When I run the code, I get an error saying the following:
Traceback (most recent call last):
File "/home/runner/page-view-time-series/test_module.py", line 7, in test_data_cleaning
actual = int(time_series_visualizer.df.count(numeric_only=True))
File "/nix/store/011fpws3ix9hym56a8q54h08df5ymhab-python3.8-pandas-1.2.4/lib/python3.8/site-packages/pandas/core/series.py", line 141, in wrapper
raise TypeError(f"cannot convert the series to {converter}")
TypeError: cannot convert the series to <class 'int'>
Could someone please help me with tackling this by figuring out what exactly the error message means and what the problem is? Thank you so much!

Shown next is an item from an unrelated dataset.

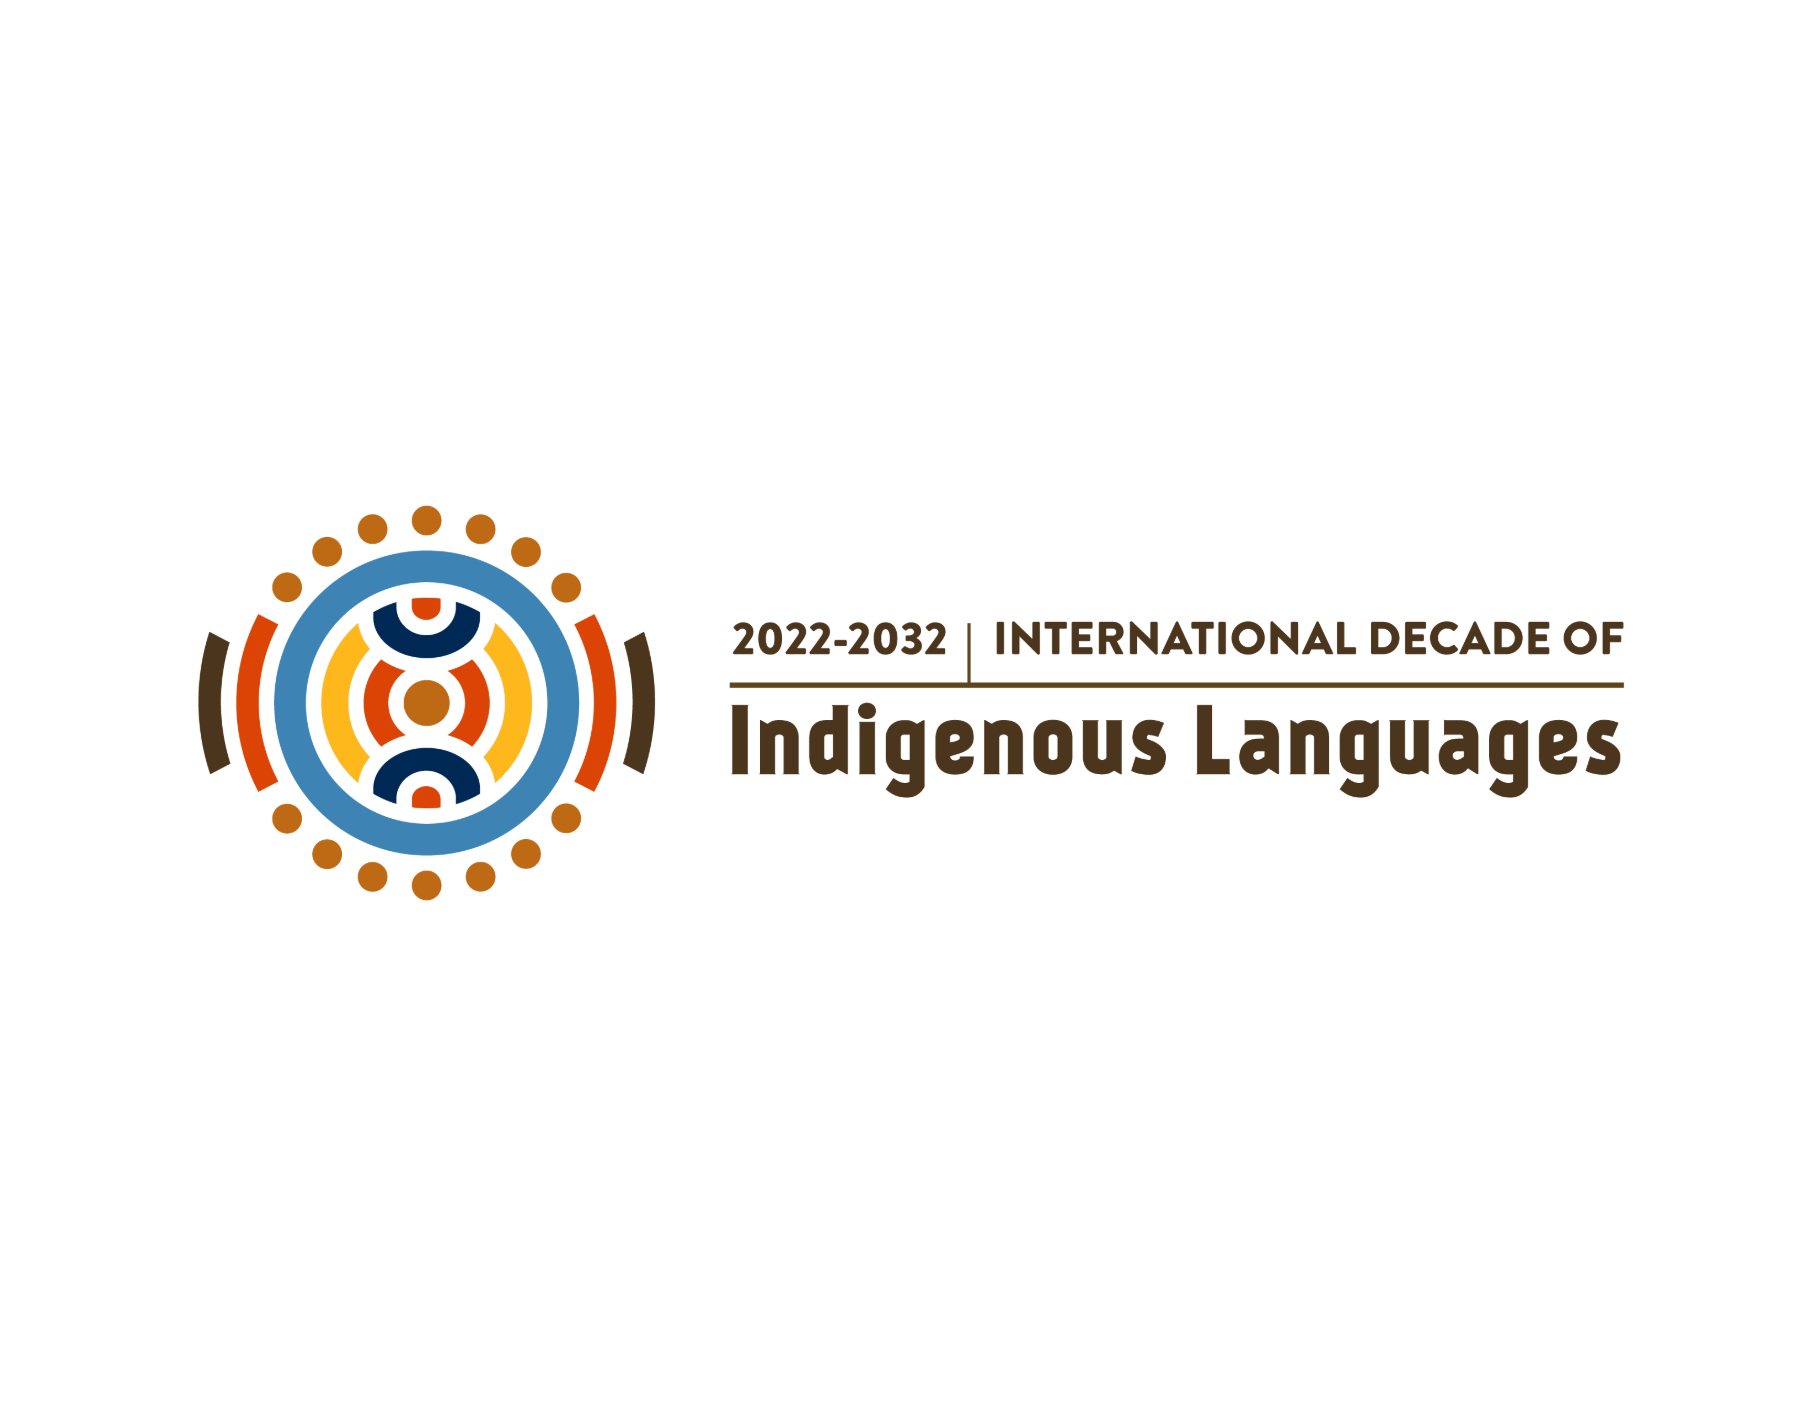 Decade of indigenous languages logo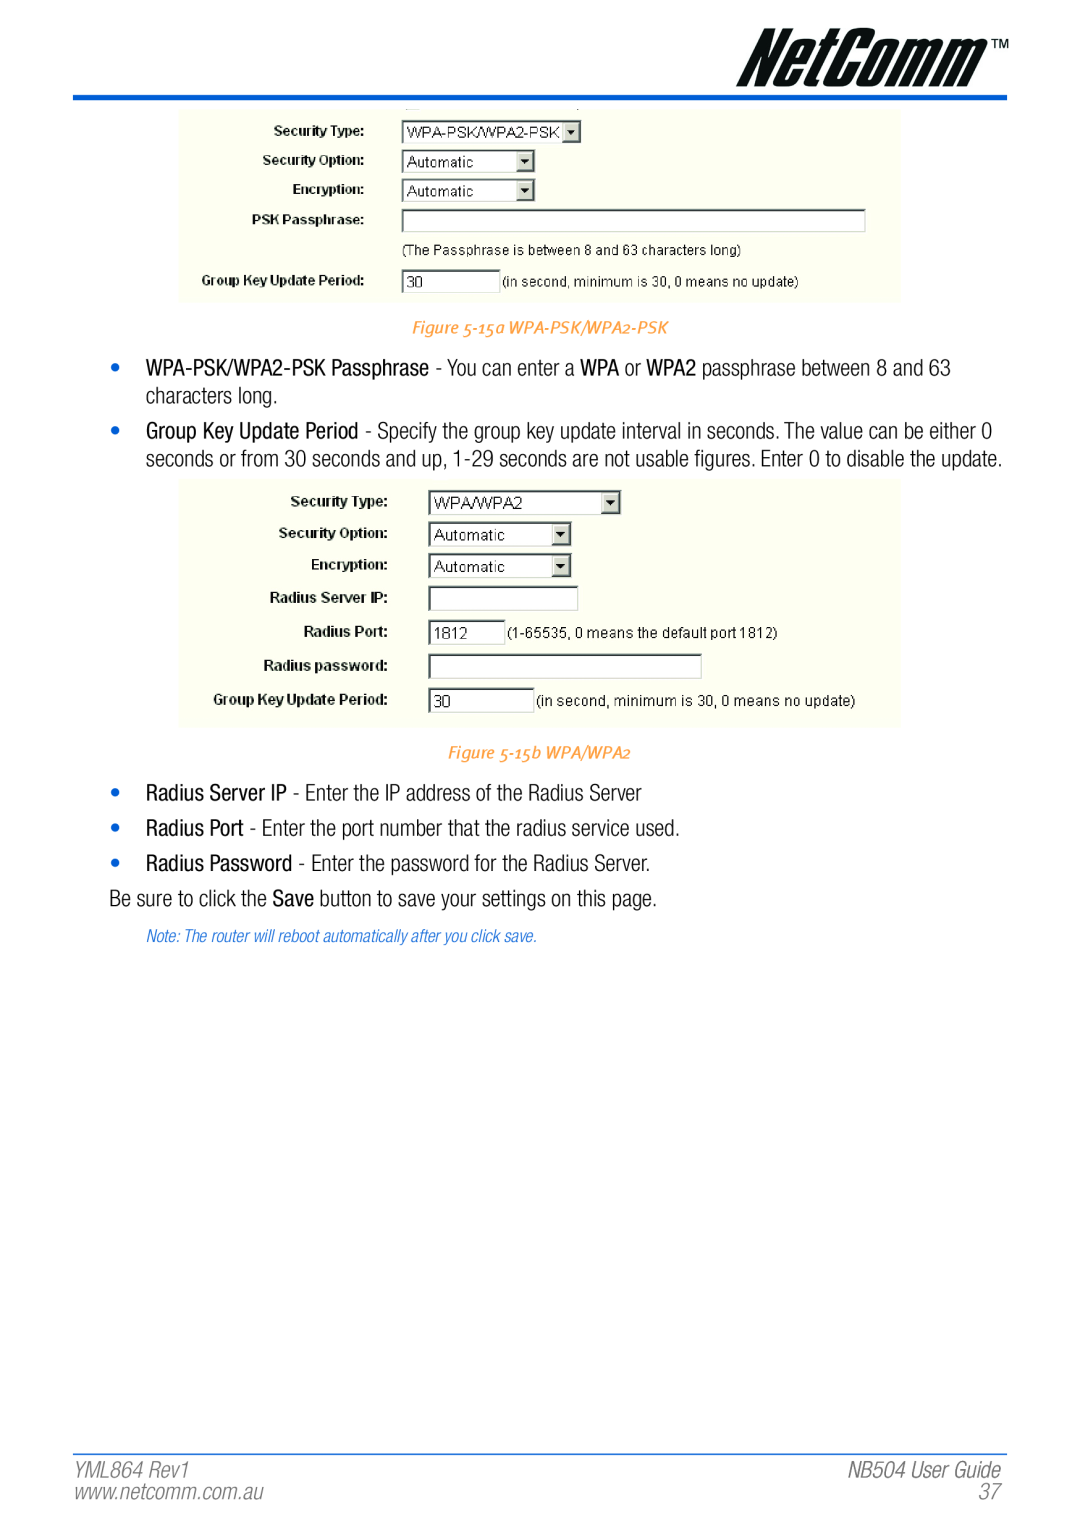 NetComm NB504 manual Radius Server IP - Enter the IP address of the Radius Server, YML864 Rev1

The error is saying it can’t convert the df.count() result to an integer. If you modify the test to print that result and run it on a working project, you’ll see:
value 1238
dtype: int64
which is convertible to integer. Your code is producing
value 1238
month 1238
year 1238
dtype: int64
which is the right value in the wrong format, which means that your data cleaning is working enough for the calculations but just not passing the tests yet. It looks like your cleaned data still has extra columns and df.count() is returning the overall length and the length the of columns as well and python can’t convert that series (3 numbers) to an integer (one number) because it can’t know which you want.
This problem can be solved if you modify test_module line #6 to actual = int(time_series_visualizer.df.count(numeric_only=True)[0]) so that it only takes 1 number as jeremy suggested.
Sorry, that’s not what I was suggesting. The test is correct; the original code is wrong and should be modified to pass the test. As I indicated in my example, it’s possible to clean the data in such a way as to not add extra columns which cause the problem with df.count().